Walmart Reports Stellar U.S. Results Under Cloud of Gun Debate
Walmart on Thursday posted another set of strong U.S. results as it takes market share from weak rivals and builds up its online sales.
The retailer said U.S. comparable sales rose 2.8% in the second quarter, helped by price increases that consumers didn’t balk at, a jump in grocery sales, and soaring e-commerce, where revenue rose 37%. All this was supported, in part, by Walmart’s major investments to equip its stores for curbside pickup, grocery delivery, and in-store order pickup. The company’s Sam’s Club division reported a 1.8% comparable sales increase, while Walmart International also saw increases in most markets.
The U.S. sales results extended Walmart’s streak of sales gains to 20 quarters and prompted the company to slightly raise its sales forecast for the year, sending shares up 6%.
At the same time, Walmart has found itself pulled into the middle of the contentious U.S. gun debate and sought to downplay its importance to national gun sales. Earlier this month, 22 people were killed in a shooting at an El Paso, Texas, Walmart store by a man targeting Hispanics. That came on the heels of another shooting at a Walmart store in Mississippi a few days before.
While many media reports have said Walmart is the biggest seller of firearms in the country, Walmart CEO Doug McMillon said in a statement the company estimates its sells about 2% of the firearms and 20% of the ammunition in the U.S., “which we believe places us outside at least the top three sellers in the industry.”
Walmart is facing pressure from many quarters to stop selling guns, including from thousands of its own employees who have signed a petition.
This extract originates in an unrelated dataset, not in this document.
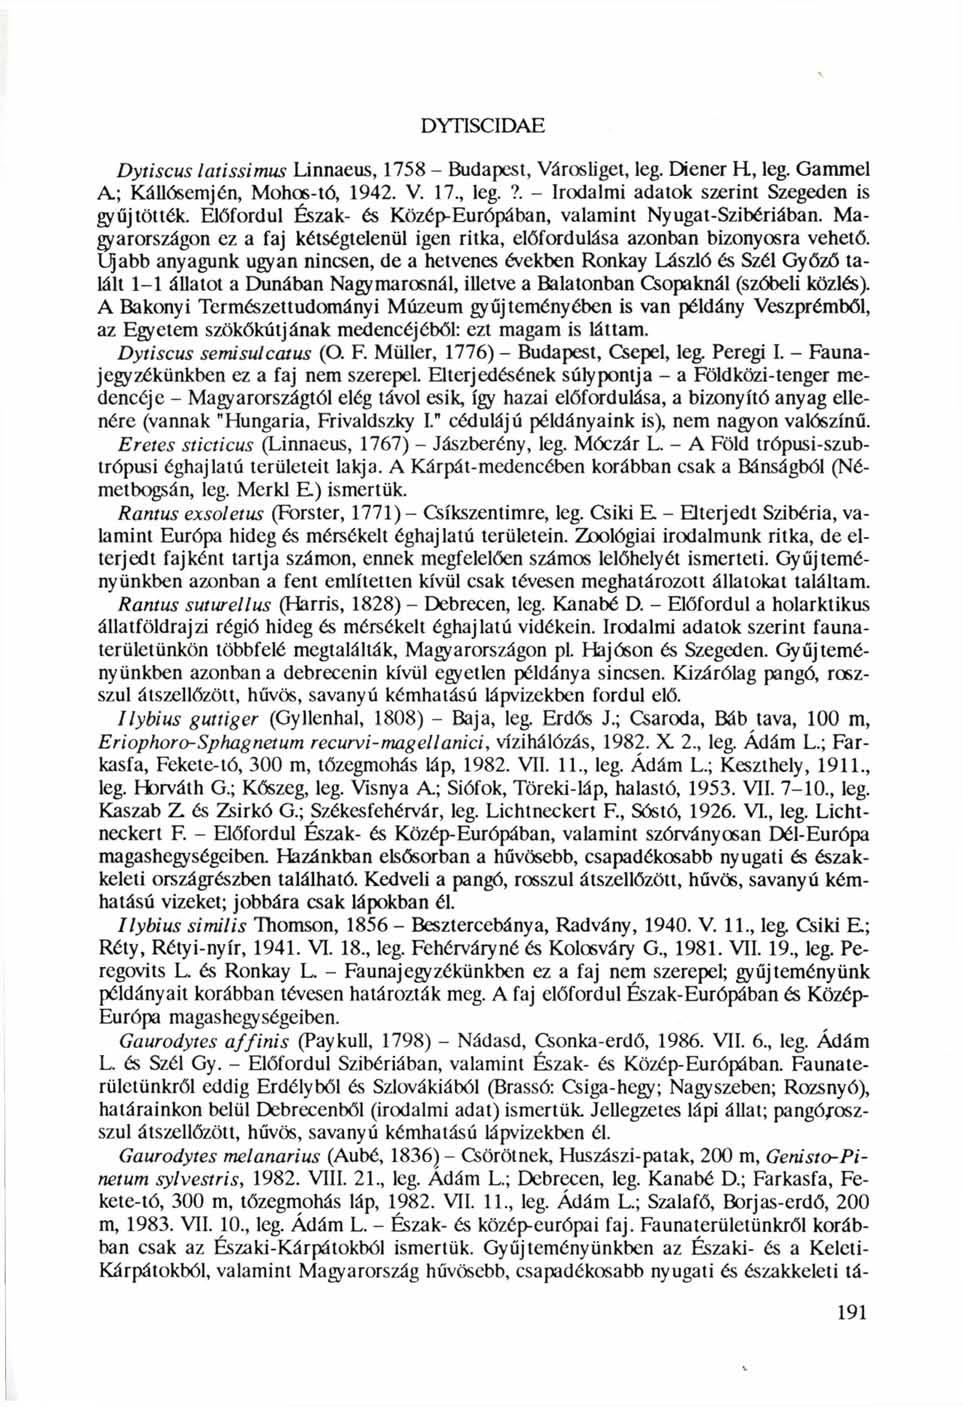 DYnSCIDAE Dytiscus latissimus Linnaeus, 1758 - Budapest, Városliget, leg. Diener H, leg. Gammel A; Kállósemjén, Mohos-tó, 1942. V. 17., leg.?. - Irodalmi adatok szerint Szegeden is gyűjtötték.

The company pointed out on Thursday it had stopped 20 years ago selling handguns in every state except Alaska, dropped selling military-style rifles in 2015, and last year raised the age limit to buy a firearm or ammunition to 21.
The company, which says it supports strengthening background checks for gun purchases, says the reauthorization of a ban on assault weapons should be debated, but on a conference call with media, a spokesman declined to say where Walmart would come down on the matter.
Walmart has a broad customer base and long worked hard not to get pulled into hot-button social debates, lest it antagonize one set of customers or another.
Walmart’s strong quarterly results contrasted with soft results this week from Macy’s, whose sales barely edged up, and a big decline at J.C. Penney, where revenue fell 9% as that department store attempts its umpteenth turnaround.
On Thursday, the U.S. Commerce Department said retail sales last month rose a seasonally adjusted 0.7%, better than expected by economists, despite concerns about tariffs. That suggests that any struggling retailers have themselves to blame.